Of course, this response assumes the capitalist principle.
According to this principle, if I borrow money from you, use
it to by a Mercedes and a mansion, and send most of the money
to a bank in Zurich, and then you come and ask me to repay the
loan, I'm not supposed to be able to say: "Sorry, I don't want
to pay you back, take it from the folks in the downtown
slums."
And you're not supposed to say: "I got the high yields from
this risky investment, but now that the borrower doesn't want
to pay it back, the risk should be transferred to other folks
in my country through socialization of the debt. That's the
capitalist principle. It would suffice to largely eliminate
the debt. Of course, that principle is unacceptable to the
rich and powerful, who prefer the operative "capitalist"

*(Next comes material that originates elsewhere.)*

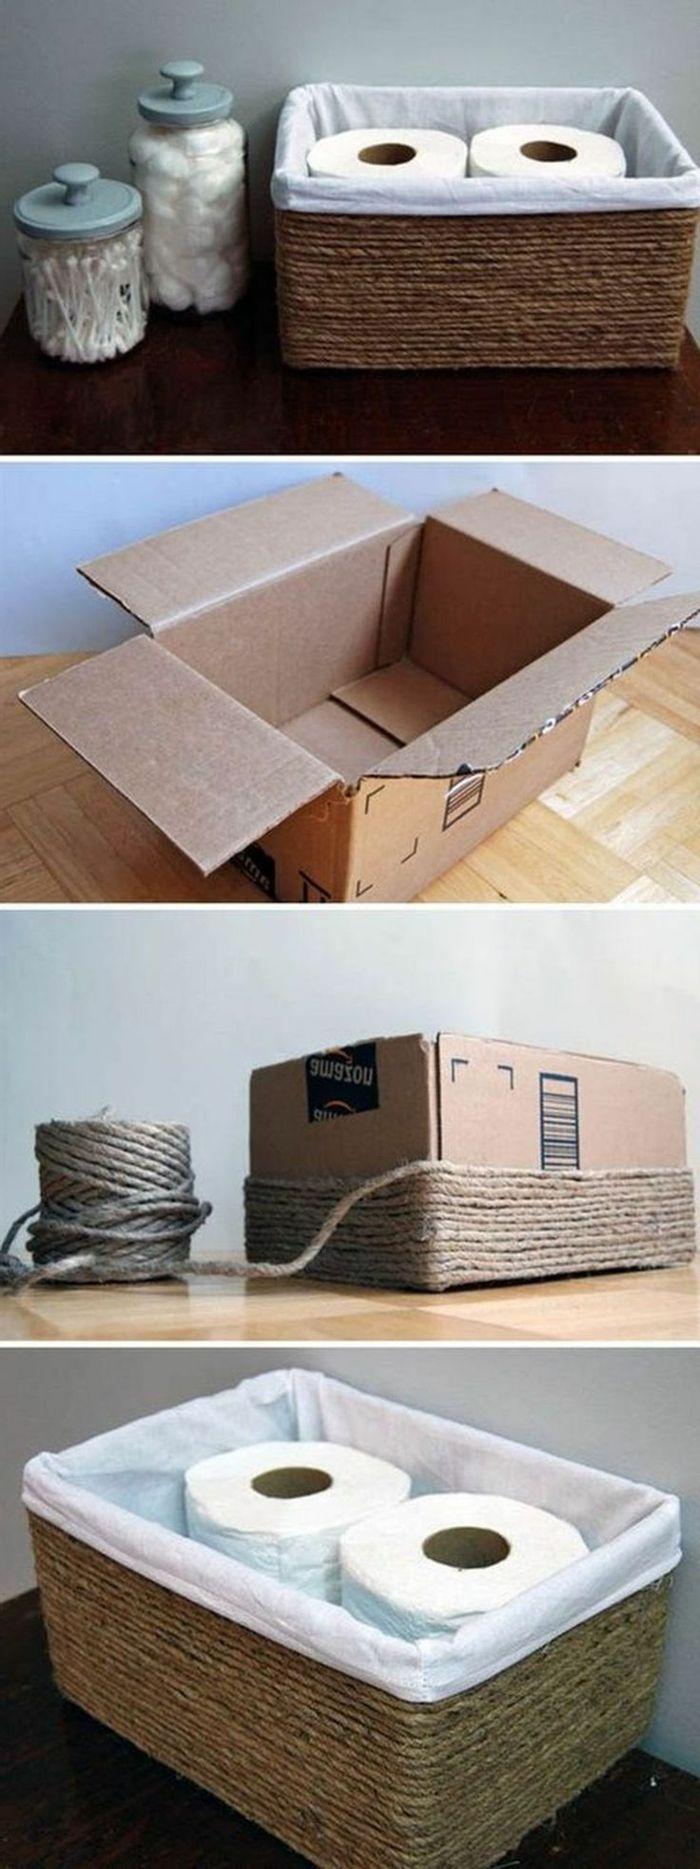 Photo of ▷ 1001+ kreative und nützliche Upcycling Ideen zur Inspiration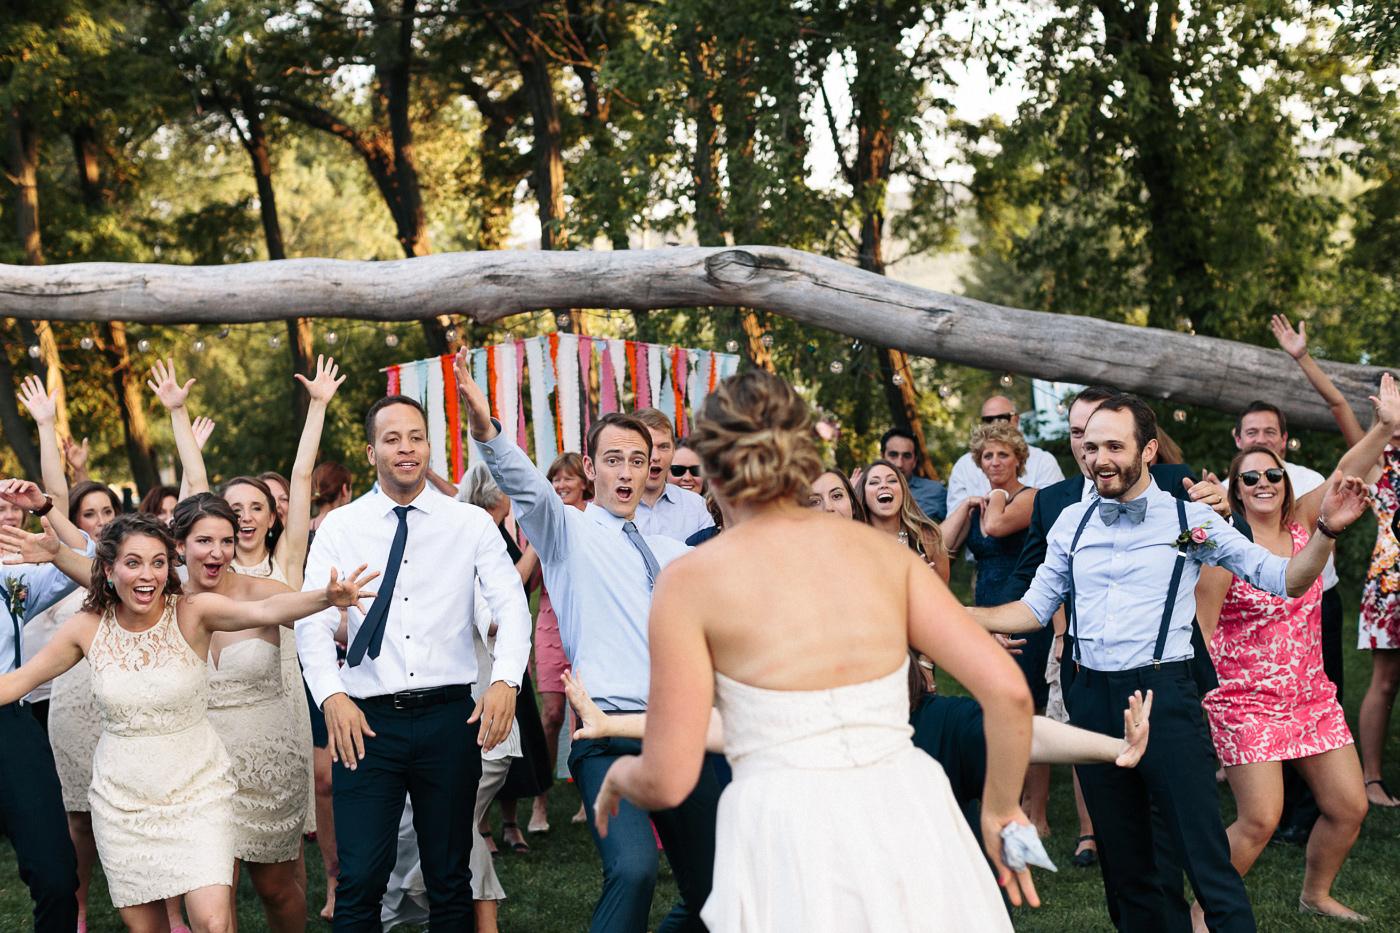 Lyons-Farmette-Wedding-Photographer-Lucy-Austin-Flash-Mob-Dance-53.jpg

principle of socializing risk and cost. So the risk is shifted
to northern taxpayers (via the IMF) and the costs are
transferred to poor peasants in Indonesia, who never borrowed
the money.
The argument that "their country" borrowed the money so that
they are responsible surpasses cynicism, and need not be
considered. In fact, it doesn't even stand up under
international law. When the US conquered Cuba in 1898 to
prevent it from liberating itself from Spain (what is called
"the liberation of Cuba from Spanish rule"), it cancelled
Cuba's debt to Spain on the reasonable grounds that the debt
had been forced on the people of Cuba without their consent.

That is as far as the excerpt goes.